Physical forces rather than bees’ ingenuity might create the hexagonal cells.
The perfect hexagonal array of bees’ honeycombs, admired for millennia as an example of natural pattern formation, owes more to simple physical forces than to the skill of bees, according to a new study.
Engineer Bhushan Karihaloo at the University of Cardiff, UK, and his co-workers say that bees simply make cells that are circular in cross section and are packed together like a layer of bubbles. According to their research, which appears in the Journal of the Royal Society Interface1, the wax, softened by the heat of the bees’ bodies, then gets pulled into hexagonal cells by surface tension at the junctions where three walls meet.
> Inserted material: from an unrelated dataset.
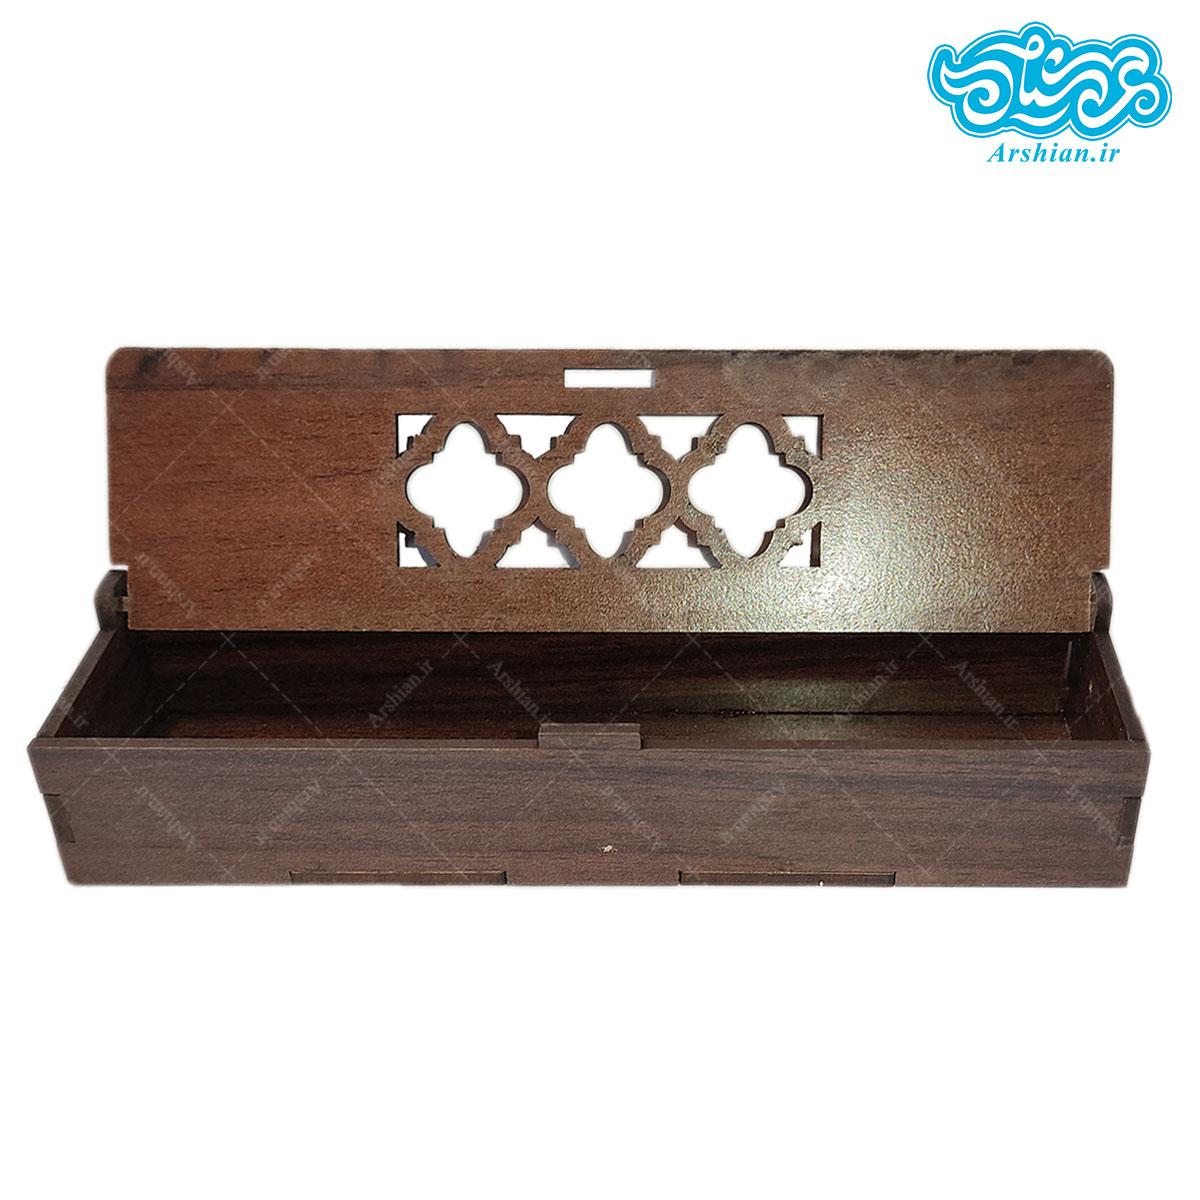 جعبه تسبیح کد 001
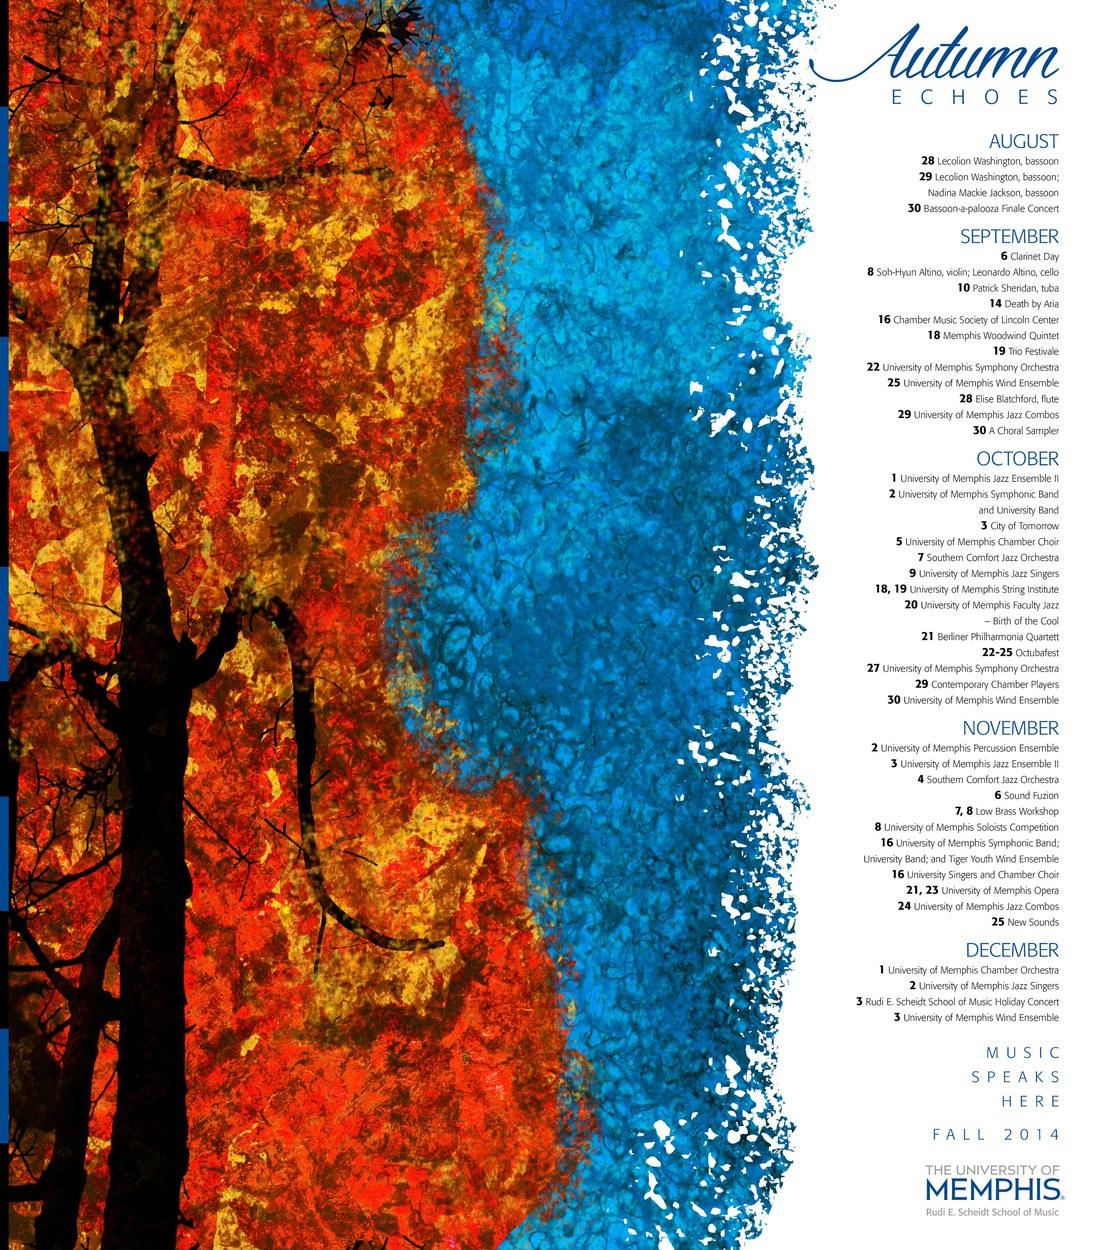 Fall music program poster; original illustration

This finding feeds into a long-standing debate about whether the honeycomb is an example of exquisite biological engineering or blind physics.
A regular geometric array of identical cells with simple polygonal cross sections can take only one of three forms: triangular, square or hexagonal. Of these, hexagons divide up the space using the smallest wall area, and thus, for a honeycomb, the least wax.
This economy was noted in the fourth century ad by the mathematician Pappus of Alexandria, who contended that the bees had “a certain geometrical forethought”. But in the seventeenth century, the Danish mathematician Erasmus Bartholin suggested that the insects need no such forethought. He said that hexagons would result automatically from the pressure of each bee trying to make its cell as large as possible, much as the pressure of bubbles packed in a single layer creates a hexagonal foam.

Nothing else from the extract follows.